Dataset excerpts:
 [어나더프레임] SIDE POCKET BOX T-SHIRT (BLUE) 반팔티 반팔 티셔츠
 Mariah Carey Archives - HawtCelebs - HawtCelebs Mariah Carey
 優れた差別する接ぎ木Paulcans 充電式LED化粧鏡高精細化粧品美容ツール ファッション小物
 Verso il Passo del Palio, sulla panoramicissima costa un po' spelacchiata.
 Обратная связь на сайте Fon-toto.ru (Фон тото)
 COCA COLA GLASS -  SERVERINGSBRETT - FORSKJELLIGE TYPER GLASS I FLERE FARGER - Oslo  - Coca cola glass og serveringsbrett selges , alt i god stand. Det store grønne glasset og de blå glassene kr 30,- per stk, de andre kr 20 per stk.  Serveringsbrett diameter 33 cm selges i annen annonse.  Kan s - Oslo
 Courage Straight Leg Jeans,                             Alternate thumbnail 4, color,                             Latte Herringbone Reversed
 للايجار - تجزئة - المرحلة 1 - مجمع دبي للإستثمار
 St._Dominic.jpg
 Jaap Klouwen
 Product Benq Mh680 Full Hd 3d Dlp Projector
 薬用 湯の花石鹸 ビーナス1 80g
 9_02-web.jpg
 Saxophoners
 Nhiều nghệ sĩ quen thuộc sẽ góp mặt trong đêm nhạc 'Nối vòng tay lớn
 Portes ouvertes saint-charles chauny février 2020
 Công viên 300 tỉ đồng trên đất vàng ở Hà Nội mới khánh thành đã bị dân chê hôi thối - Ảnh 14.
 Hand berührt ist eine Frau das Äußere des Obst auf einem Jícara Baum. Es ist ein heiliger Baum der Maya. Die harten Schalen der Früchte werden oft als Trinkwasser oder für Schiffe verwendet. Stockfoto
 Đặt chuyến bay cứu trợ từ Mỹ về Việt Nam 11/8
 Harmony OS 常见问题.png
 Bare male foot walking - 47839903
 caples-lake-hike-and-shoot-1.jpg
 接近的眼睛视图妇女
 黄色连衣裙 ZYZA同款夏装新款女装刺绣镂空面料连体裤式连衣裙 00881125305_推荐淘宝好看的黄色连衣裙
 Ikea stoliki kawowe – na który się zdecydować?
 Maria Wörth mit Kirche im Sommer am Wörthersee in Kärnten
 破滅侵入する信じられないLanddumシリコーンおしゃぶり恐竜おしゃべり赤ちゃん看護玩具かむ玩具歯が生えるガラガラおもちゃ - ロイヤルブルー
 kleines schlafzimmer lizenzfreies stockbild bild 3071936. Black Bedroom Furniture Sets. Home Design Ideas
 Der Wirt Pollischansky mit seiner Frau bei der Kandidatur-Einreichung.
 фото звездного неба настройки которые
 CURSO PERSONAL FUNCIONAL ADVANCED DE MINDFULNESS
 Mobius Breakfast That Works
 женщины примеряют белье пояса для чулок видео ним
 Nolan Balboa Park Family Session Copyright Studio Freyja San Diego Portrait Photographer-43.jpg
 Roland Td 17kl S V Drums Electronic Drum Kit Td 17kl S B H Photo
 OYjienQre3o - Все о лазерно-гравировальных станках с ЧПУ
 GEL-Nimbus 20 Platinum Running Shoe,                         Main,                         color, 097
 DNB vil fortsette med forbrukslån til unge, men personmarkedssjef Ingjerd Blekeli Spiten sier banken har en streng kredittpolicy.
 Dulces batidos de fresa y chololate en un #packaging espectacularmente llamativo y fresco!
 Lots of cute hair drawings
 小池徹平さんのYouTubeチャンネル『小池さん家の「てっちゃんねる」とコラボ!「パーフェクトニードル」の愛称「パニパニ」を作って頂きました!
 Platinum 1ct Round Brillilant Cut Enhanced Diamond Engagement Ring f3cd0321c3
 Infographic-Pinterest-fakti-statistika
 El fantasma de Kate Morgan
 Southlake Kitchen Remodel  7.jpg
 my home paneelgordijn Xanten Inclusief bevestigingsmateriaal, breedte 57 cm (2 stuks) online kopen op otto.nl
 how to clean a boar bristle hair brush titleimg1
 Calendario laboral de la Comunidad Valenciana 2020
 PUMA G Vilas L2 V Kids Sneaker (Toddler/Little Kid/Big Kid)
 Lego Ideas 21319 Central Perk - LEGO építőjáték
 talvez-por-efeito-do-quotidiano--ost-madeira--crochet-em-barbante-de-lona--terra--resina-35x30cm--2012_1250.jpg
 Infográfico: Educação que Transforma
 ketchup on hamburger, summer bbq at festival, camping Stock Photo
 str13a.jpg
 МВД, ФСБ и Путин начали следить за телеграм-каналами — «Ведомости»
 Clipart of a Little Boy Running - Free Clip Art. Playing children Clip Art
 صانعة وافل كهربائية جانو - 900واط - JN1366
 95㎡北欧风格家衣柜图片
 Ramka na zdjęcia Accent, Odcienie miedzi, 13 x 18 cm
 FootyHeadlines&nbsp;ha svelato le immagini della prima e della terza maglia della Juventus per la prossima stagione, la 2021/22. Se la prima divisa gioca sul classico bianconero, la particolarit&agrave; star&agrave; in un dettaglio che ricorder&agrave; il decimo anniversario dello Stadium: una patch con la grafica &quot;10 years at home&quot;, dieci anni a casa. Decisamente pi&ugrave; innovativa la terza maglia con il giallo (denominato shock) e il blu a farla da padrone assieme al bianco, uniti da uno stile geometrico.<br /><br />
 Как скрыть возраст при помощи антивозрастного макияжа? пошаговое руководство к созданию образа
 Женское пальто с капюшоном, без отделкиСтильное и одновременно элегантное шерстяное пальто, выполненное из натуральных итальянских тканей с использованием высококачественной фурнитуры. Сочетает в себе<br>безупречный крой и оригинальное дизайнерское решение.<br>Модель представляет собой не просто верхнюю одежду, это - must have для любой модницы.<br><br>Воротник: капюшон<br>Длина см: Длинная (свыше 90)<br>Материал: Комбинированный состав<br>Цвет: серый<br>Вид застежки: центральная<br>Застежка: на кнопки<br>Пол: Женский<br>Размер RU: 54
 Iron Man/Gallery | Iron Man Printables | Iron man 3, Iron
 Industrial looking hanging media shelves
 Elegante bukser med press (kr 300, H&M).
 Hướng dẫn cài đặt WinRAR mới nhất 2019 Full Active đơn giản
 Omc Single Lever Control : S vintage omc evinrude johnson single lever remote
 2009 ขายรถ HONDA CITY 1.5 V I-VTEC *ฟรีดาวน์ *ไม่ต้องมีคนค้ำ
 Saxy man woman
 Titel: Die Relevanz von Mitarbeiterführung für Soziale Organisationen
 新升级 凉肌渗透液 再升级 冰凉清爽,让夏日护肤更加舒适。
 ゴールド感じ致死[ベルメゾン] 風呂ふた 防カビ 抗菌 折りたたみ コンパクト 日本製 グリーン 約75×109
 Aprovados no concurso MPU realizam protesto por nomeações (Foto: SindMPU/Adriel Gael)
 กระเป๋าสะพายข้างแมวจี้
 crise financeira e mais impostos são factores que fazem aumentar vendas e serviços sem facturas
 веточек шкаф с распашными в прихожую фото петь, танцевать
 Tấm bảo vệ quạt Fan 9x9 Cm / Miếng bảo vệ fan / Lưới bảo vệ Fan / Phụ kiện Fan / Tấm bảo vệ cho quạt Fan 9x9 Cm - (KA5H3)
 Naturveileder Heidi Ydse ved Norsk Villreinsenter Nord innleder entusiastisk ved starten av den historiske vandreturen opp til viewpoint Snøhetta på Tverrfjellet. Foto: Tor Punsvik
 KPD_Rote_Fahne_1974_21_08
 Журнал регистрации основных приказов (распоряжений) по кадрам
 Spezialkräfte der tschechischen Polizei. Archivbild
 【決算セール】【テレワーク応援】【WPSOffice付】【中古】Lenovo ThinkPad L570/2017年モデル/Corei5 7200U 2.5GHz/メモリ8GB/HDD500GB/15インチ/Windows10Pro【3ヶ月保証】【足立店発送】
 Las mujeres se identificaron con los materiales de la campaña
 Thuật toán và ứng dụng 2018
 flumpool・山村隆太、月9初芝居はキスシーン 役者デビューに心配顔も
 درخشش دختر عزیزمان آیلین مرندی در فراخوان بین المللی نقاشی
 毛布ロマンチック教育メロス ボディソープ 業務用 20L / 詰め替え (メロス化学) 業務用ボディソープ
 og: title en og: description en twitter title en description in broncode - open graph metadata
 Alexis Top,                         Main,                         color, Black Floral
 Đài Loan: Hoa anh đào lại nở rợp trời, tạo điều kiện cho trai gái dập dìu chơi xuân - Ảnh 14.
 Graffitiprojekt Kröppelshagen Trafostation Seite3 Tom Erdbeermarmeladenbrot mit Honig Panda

WHAT YOU HAVE TO DO: From the records above, copy out the line with "St._Dominic.jpg", the line with "Ikea stoliki kawowe", and every line between them, word for word.

ANSWER SPACE:
 St._Dominic.jpg
 Jaap Klouwen
 Product Benq Mh680 Full Hd 3d Dlp Projector
 薬用 湯の花石鹸 ビーナス1 80g
 9_02-web.jpg
 Saxophoners
 Nhiều nghệ sĩ quen thuộc sẽ góp mặt trong đêm nhạc 'Nối vòng tay lớn
 Portes ouvertes saint-charles chauny février 2020
 Công viên 300 tỉ đồng trên đất vàng ở Hà Nội mới khánh thành đã bị dân chê hôi thối - Ảnh 14.
 Hand berührt ist eine Frau das Äußere des Obst auf einem Jícara Baum. Es ist ein heiliger Baum der Maya. Die harten Schalen der Früchte werden oft als Trinkwasser oder für Schiffe verwendet. Stockfoto
 Đặt chuyến bay cứu trợ từ Mỹ về Việt Nam 11/8
 Harmony OS 常见问题.png
 Bare male foot walking - 47839903
 caples-lake-hike-and-shoot-1.jpg
 接近的眼睛视图妇女
 黄色连衣裙 ZYZA同款夏装新款女装刺绣镂空面料连体裤式连衣裙 00881125305_推荐淘宝好看的黄色连衣裙
 Ikea stoliki kawowe – na który się zdecydować?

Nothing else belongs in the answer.